The diffusion plate 22 is used to adjust the irradiance of the light passing through it, similarly to the intermediate panel 18, by fitting a light blocking member 24 thereto, which will be described later.

The diffusion plate 22 has a plurality of holes H2 at predetermined intervals over the entire irradiation surface.
The hole H22 has a diameter of, for example, 5 to 15 mm.
The material of the diffusion plate 22 is, for example, a translucent resin, specifically, an acrylic having a thickness of 2 to 10 mm. The color of the diffusion plate 22 is preferably milky white.
In this way, the diffusion plate 22 is semi-transparent so that the portions other than the holes can transmit light, so that a decrease in the irradiance of the light to be irradiated onto the solar cell module is suppressed.
In FIG. 1, the hole H22 of the diffusion plate 22 is omitted.

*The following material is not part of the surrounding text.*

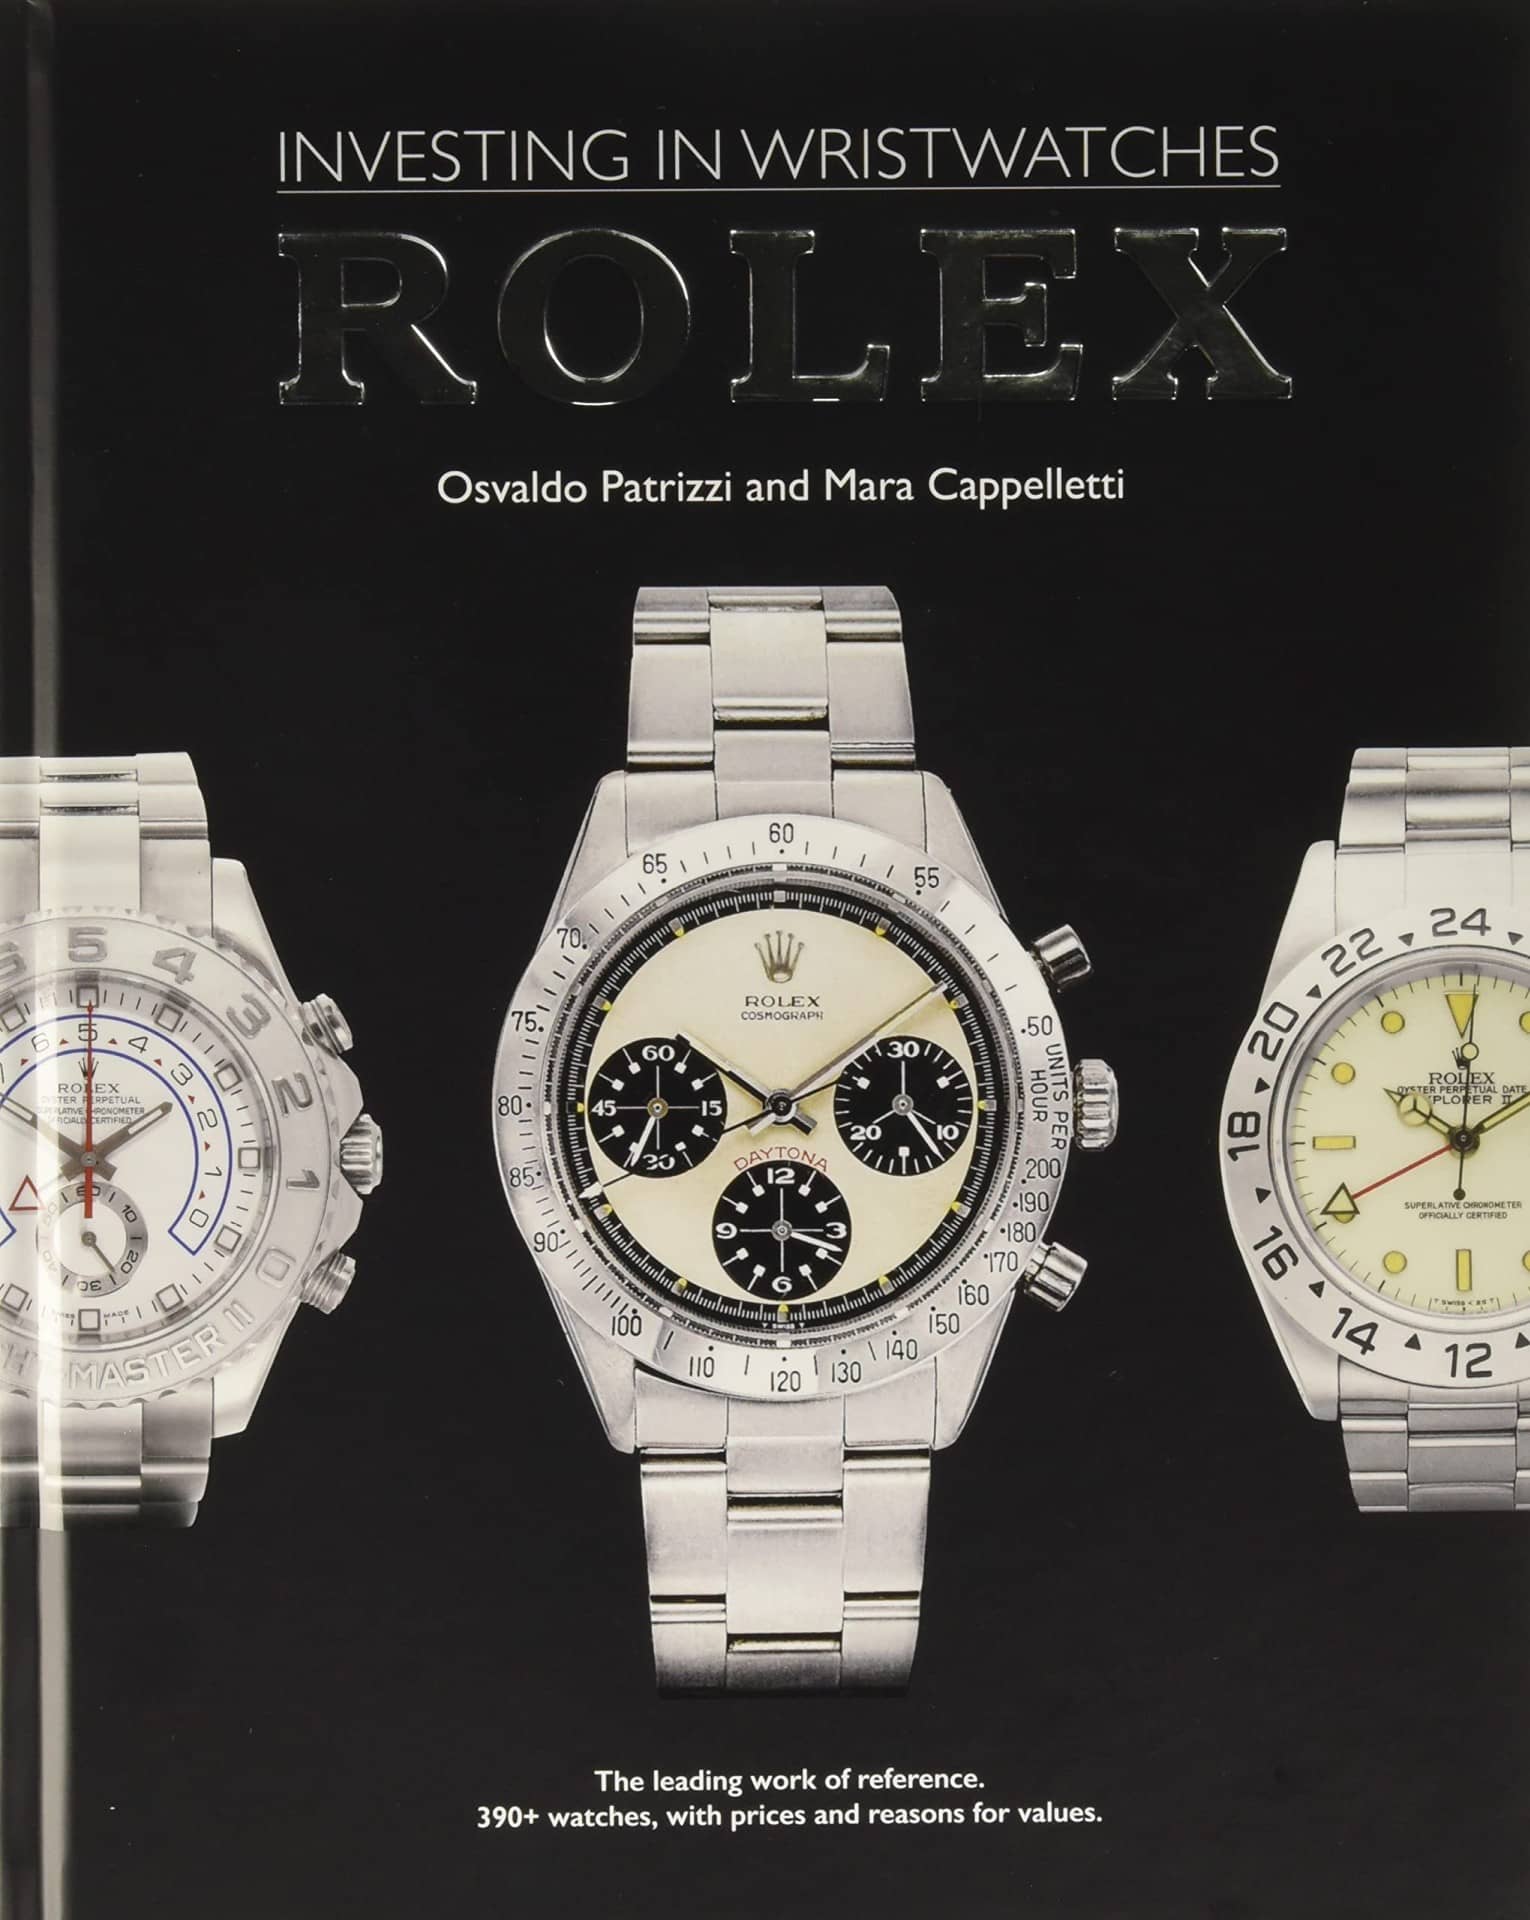 11582-rolex-investing-in-wristwatches-71051zbsx5l-jpg-71051zbsx5l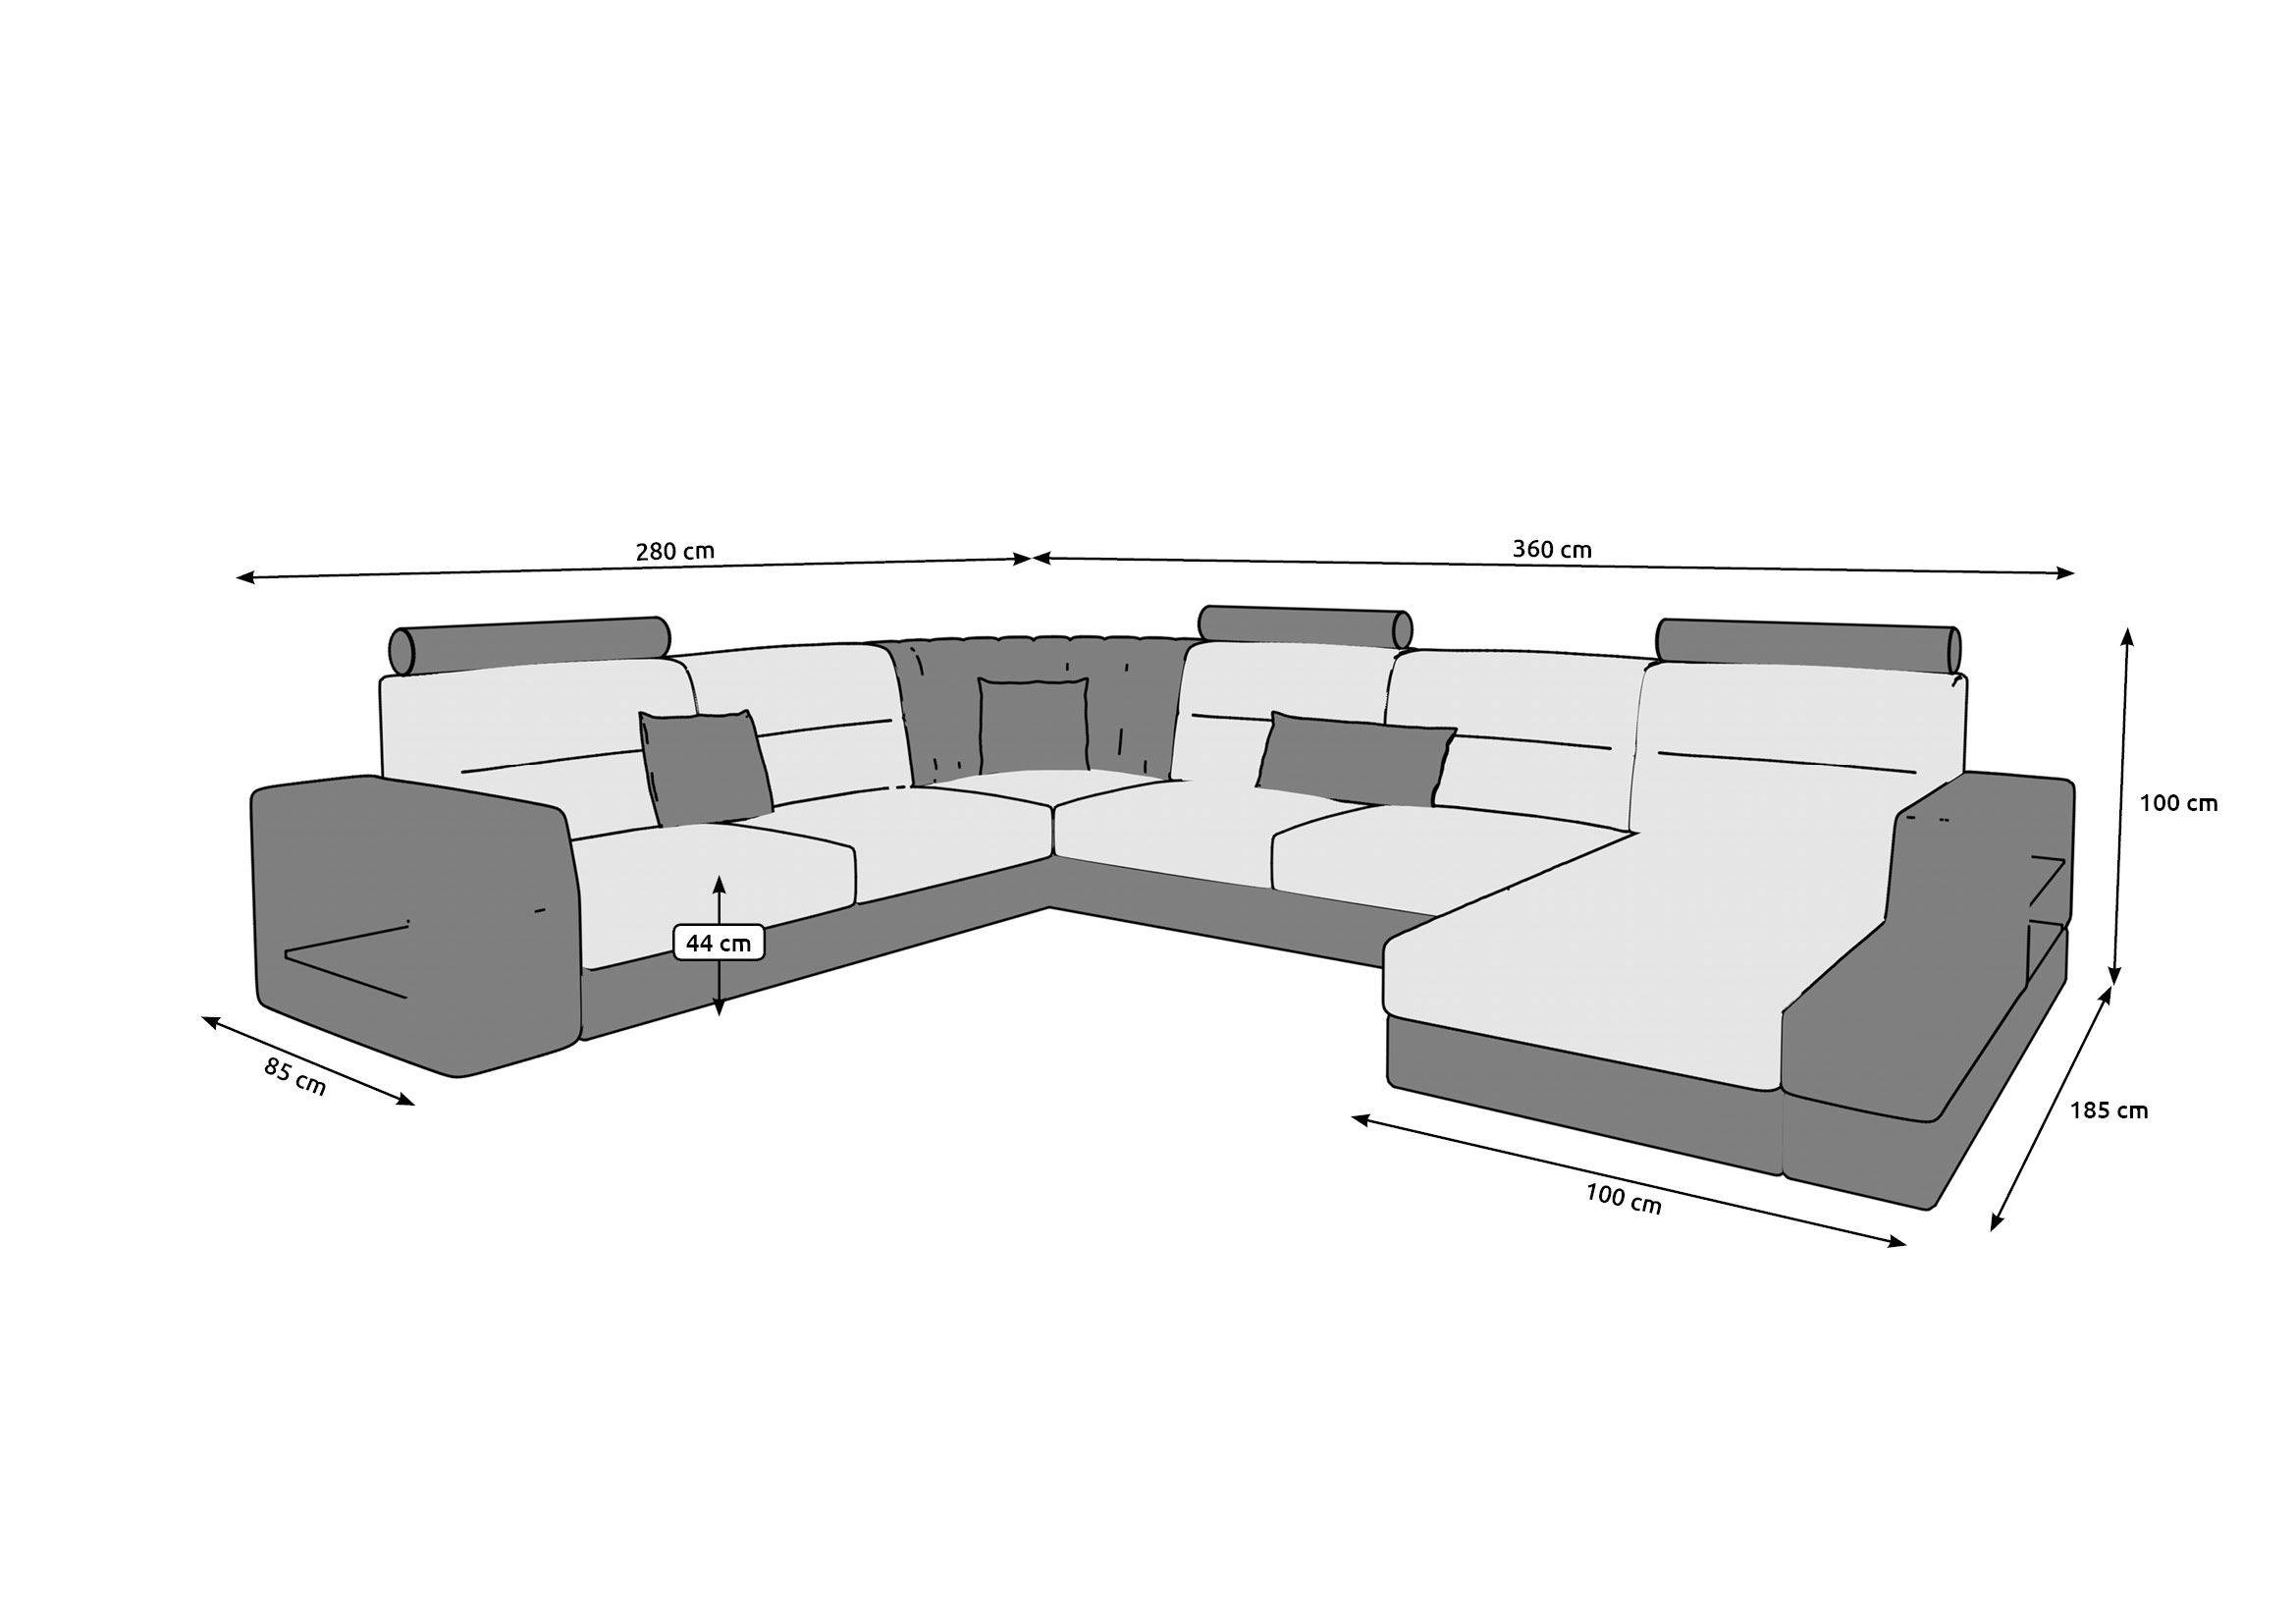 Образцы угловых диванов. как правильно выбрать угловой диван

Each of the light blocking members 24 is made of resin and fits into the hole H22, and can block light passing through the hole H22.
A plurality of types of light blocking members 24 having different colors and materials are used in order to adjust the irradiance of light passing through the diffusion plate 22 .
For example, if they are made of the same material, the black light shielding member 24 has a higher light shielding rate than the white light shielding member 24. Therefore, the black light shielding member 24 is fitted into the hole H22 corresponding to the location where it is desired to further reduce the irradiance.
That is, among the plurality of light blocking members 24 fitted in the diffusion plate 22, some of them have a light blocking rate different from the rest.

In detail, the light blocking member 24 has a small diameter portion 242 and a large diameter portion 244 as shown in FIG.
The small diameter portion 242 is cylindrical or columnar, and is the portion that fits into the hole H22. A protrusion 246 is formed on the outer circumferential surface of the small diameter portion 242 around the entire circumference, and the diameter D1 of the protrusion 246 (the maximum diameter of the small diameter portion 242) is set to be slightly smaller than the diameter of the hole H22. The height T of the small diameter portion 242 is set to be the depth of the hole H22 (the thickness of the diffusion plate 22).
The large diameter portion 244 is disk-shaped and is the portion that rests on the diffusion plate 22. The diameter D2 of the large diameter portion 244 is set to be larger than the diameter of the hole H22.

In addition, a support member (not shown) is provided on the outside of the diffusion plate 22 when viewed from above, and the solar cell module is supported by the support member at a distance of 30 to 50 mm from the upper surface of the diffusion plate 22.

Next, we will explain how to adjust the degree of unevenness in irradiance depending on the location in the solar simulator 10.

(Step 1)
The solar simulator 10 is prepared. However, in this solar simulator 10, the above-mentioned adjustment sheet (light-shielding sheet or diffusion sheet) is not attached to the intermediate panel 18, and the hole H22 of the diffusion plate 22 is not blocked.
Thereafter, light is emitted from the light source 11 .

(Step 2)
The irradiance is measured at a plurality of points on the upper surface of the diffusion plate 22, which is the irradiation surface. By the measurement, a location A where the irradiance is high is determined.

(Step 3)
The intermediate panel 18 is pulled outward, and an adjustment sheet (a light-shielding sheet or a diffusion sheet) is attached to the position of the intermediate panel 18 corresponding to the location A.
The intermediate panel 18 is then replaced.
In this manner, the adjustment of the irradiance in this procedure can be performed efficiently since it is only necessary to pull out the intermediate panel 18 and attach the adjustment sheet.

(Step 4)
The above-mentioned steps 2 and 3 are repeated to adjust the irradiance so that the degree of local variation in the irradiance is equal to or less than a predetermined value, which is, for example, 2 to 5%.

(Step 5)
Step 2 is executed again. That is, the irradiance is measured at a plurality of points on the irradiation surface. By the measurement, a location B with high irradiance is obtained.

(Step 6)
An appropriate light-shielding member 24 is selected from light-shielding members 24 having different light-shielding rates according to the magnitude of the irradiance at location B of the diffusion plate 22, and the selected light-shielding member 24 is pressed from above into the hole H22 corresponding to location B. By blocking the hole H22, the irradiance at location B is reduced.
The adjustment of the irradiance in this procedure is performed efficiently since it is only necessary to push in the light blocking member 24 .

(Step 7)
The above-described steps 5 and 6 are repeated to adjust the irradiance so that the degree of local unevenness of the irradiance is equal to or less than the magnitude after adjustment by the intermediate panel 18. Finally, the magnitude of the degree of unevenness is adjusted to, for example, 1% or less.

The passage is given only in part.